-- TASK DESCRIPTION --
Of all the entries below, retype only the lines from the one with "apartment renovation, interior" through the one with "Tehu šaty - Obrázok č. 4", exactly as they appear.

-- STUDY MATERIAL --
[Start of section]

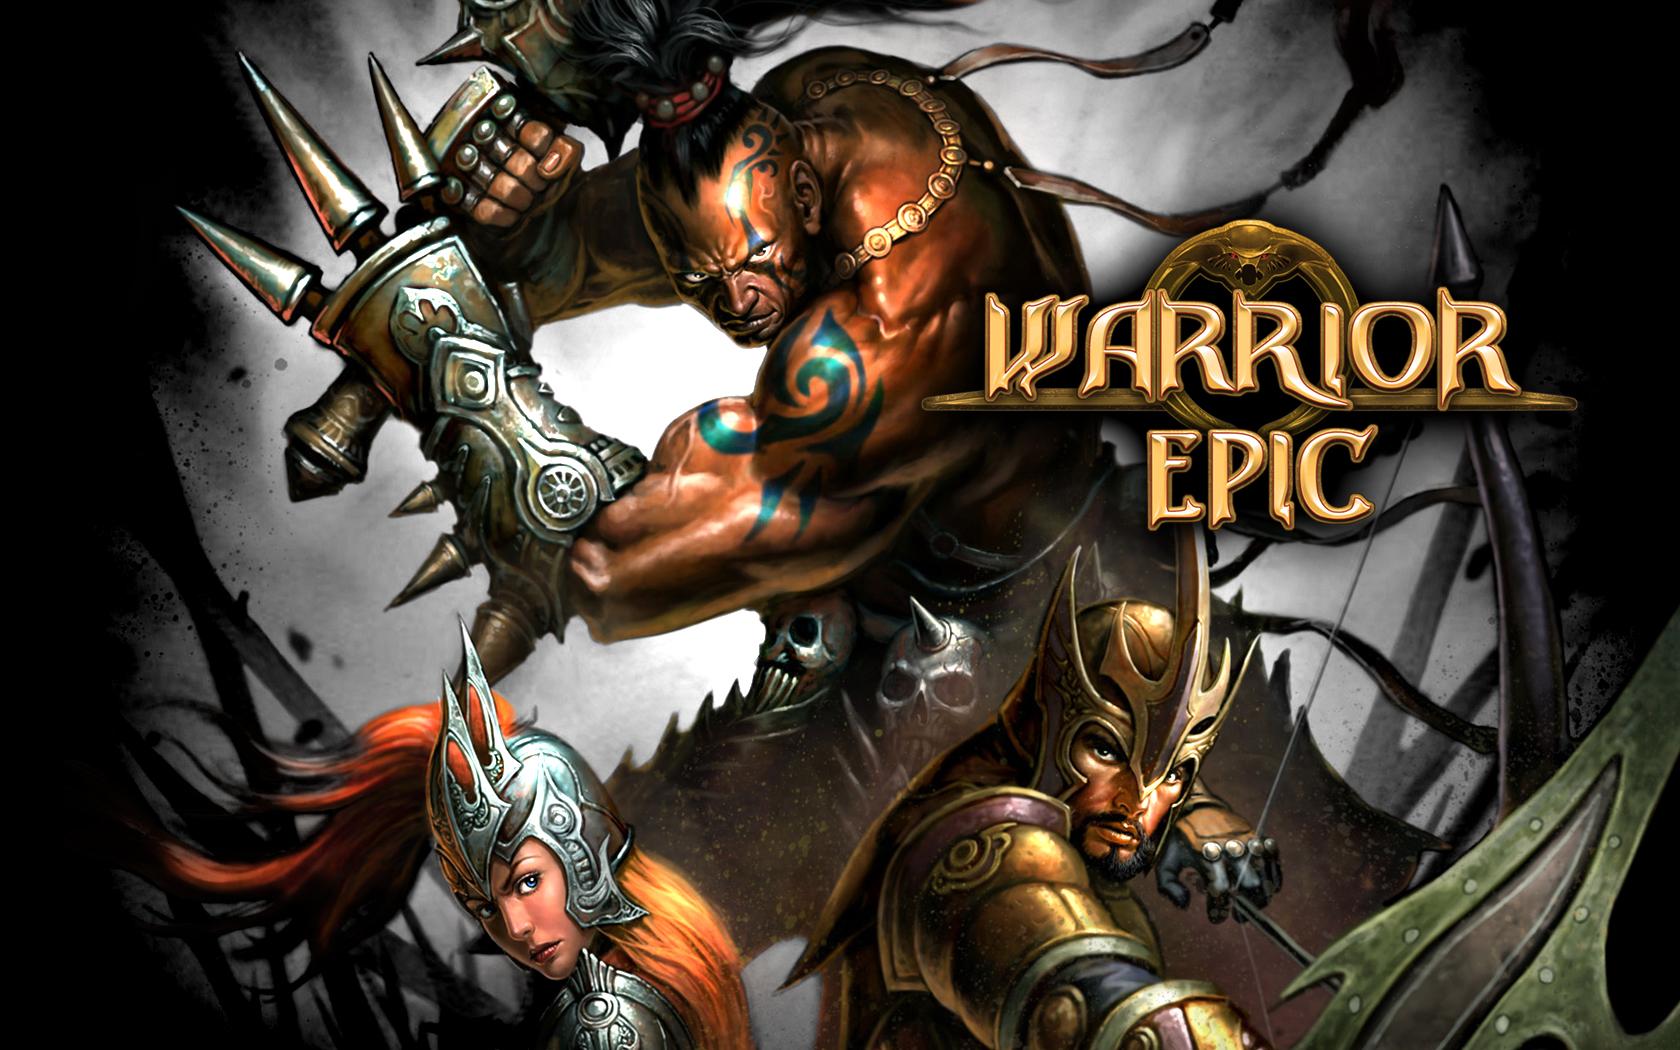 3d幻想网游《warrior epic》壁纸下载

[End of section]
[Start of section]

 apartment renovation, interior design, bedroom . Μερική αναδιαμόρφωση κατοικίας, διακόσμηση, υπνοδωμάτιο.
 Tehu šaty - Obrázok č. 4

[End of section]

-- ANSWER BOX --
 apartment renovation, interior design, bedroom . Μερική αναδιαμόρφωση κατοικίας, διακόσμηση, υπνοδωμάτιο.
 Tehu šaty - Obrázok č. 4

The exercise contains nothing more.